The book begins with the group of friends meeting at a posh rented manor for a fun weekend. Roisin is becoming more and more disillusioned with Joe because he seems ever more distant and unfriendly since he became famously popular. Everything kind of implodes when a famous actress shows up looking for Matt, and Gina has enough, kicking her out of the house. Matt ends up leaving with her. Then Joe's newest show premiers and Roisin realizes Joe was using her personal life as fodder for his show, and he didn't even warn her.
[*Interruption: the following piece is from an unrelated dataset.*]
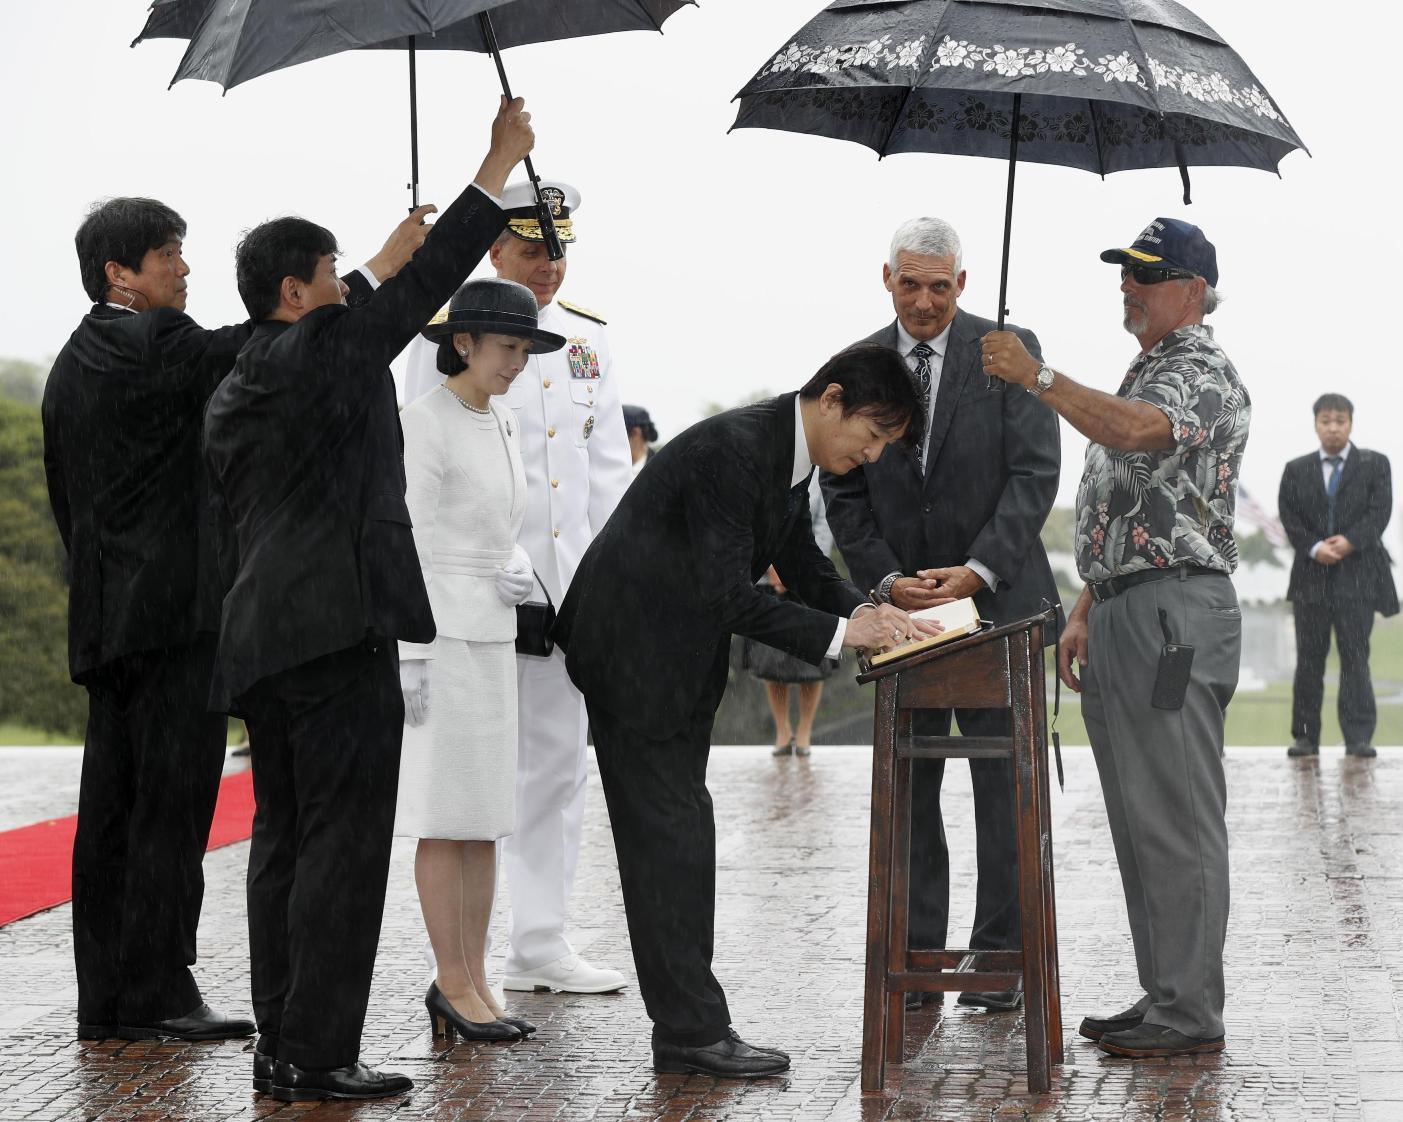 Prince and Princess Akishino's Visit Reaffirms Japan's Special Ties with Hawaii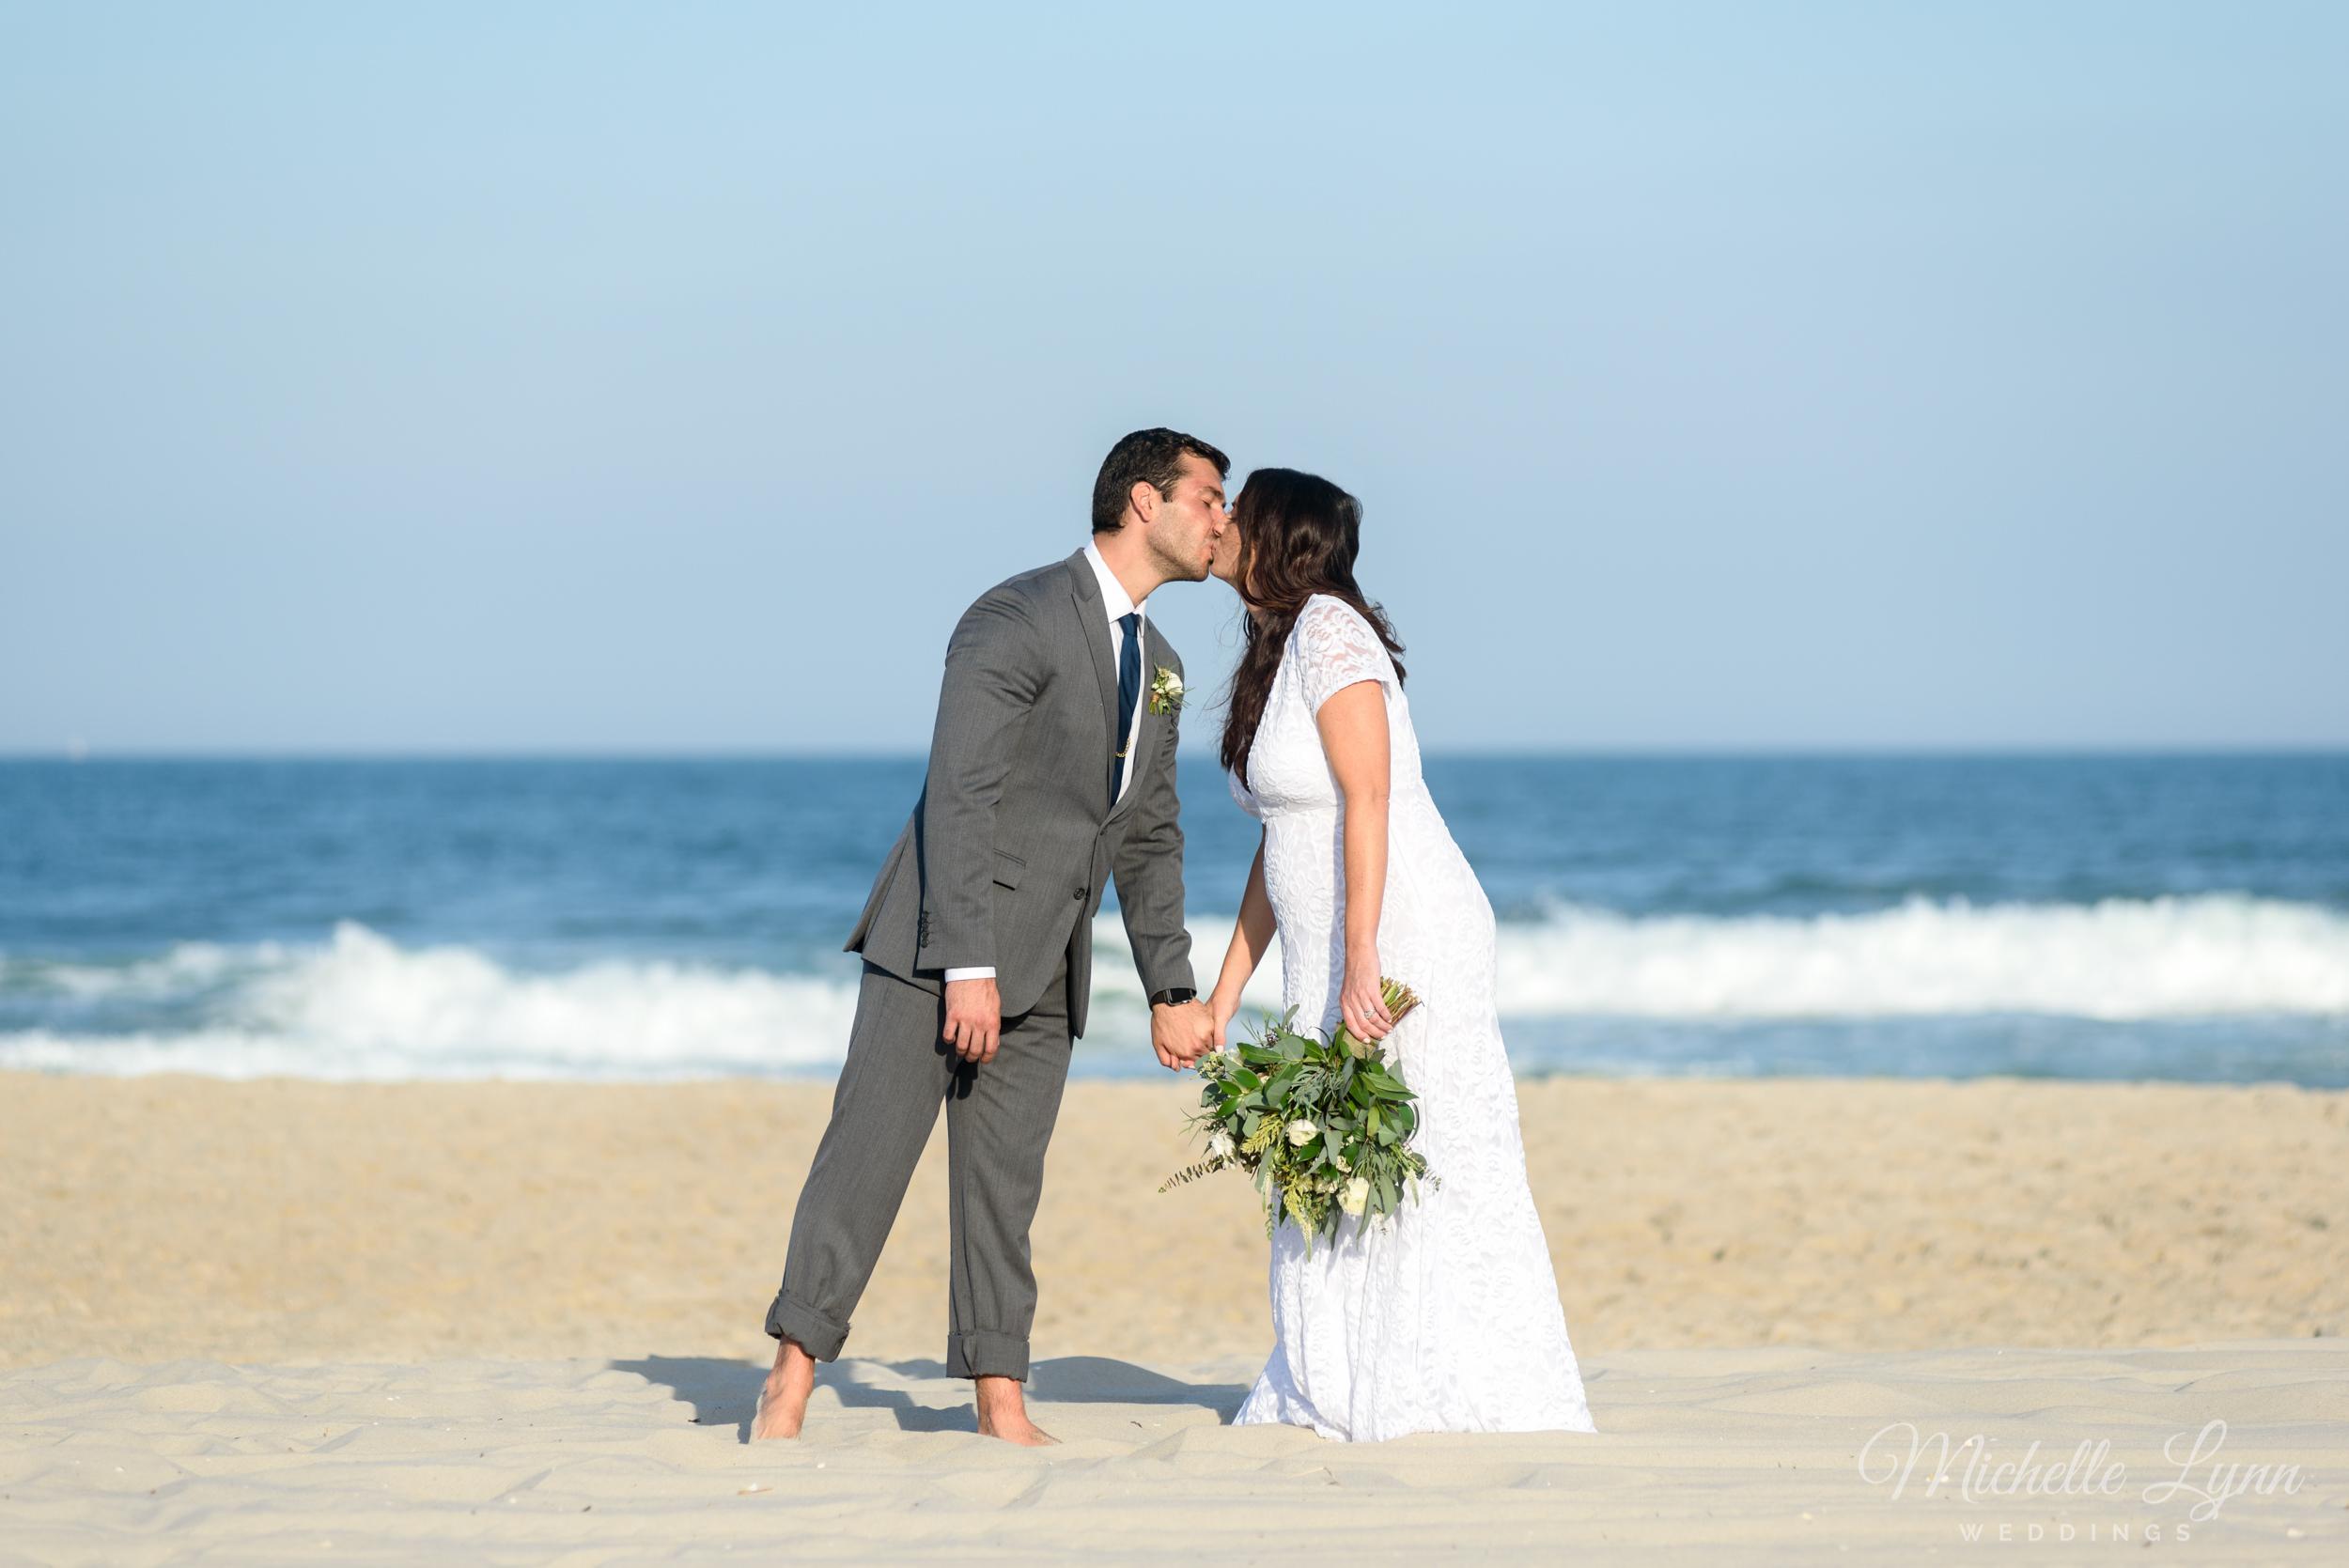 mlw-long-beach-island-new-jersey-wedding-photography-19.jpg

After the weekend, Joe is heading off to America for work, and Roisin goes to help her mother run the bar that is their family business. Suddenly Roisin doesn't trust Joe and wonders if he cheated on her, like the main character in his show did. She asks Matt for some help, and he comes down. Roisin and Matt start spending some more time together, and even Matt helps out at the bar. Roisin discovers that Matt is more than what he seemed to be, and that he's been in love with her from before she was with Joe.
There's still a fair bit of drama between Roisin and Joe as they figure out their breakup and Roisin discovers the extent of his betrayal. Roisin also has a difficult relationship with her mother.
McFarlane is a very good storyteller. I always found this book interesting, and I always looked forward to reading more. But I couldn't quite understand why Roisin and Matt liked each other. Even after being friends for ten years, Roisin barely knew Matt, and believed all kinds of bad things about him. And Matt didn't feel like a real character. At first he was almost unbelievably bad, and then he became unbelievably good. I couldn't even relate to Roisin's relationship with her mother. So, I'm definitely reading McFarlane's next book, but this one was a little more meh for me.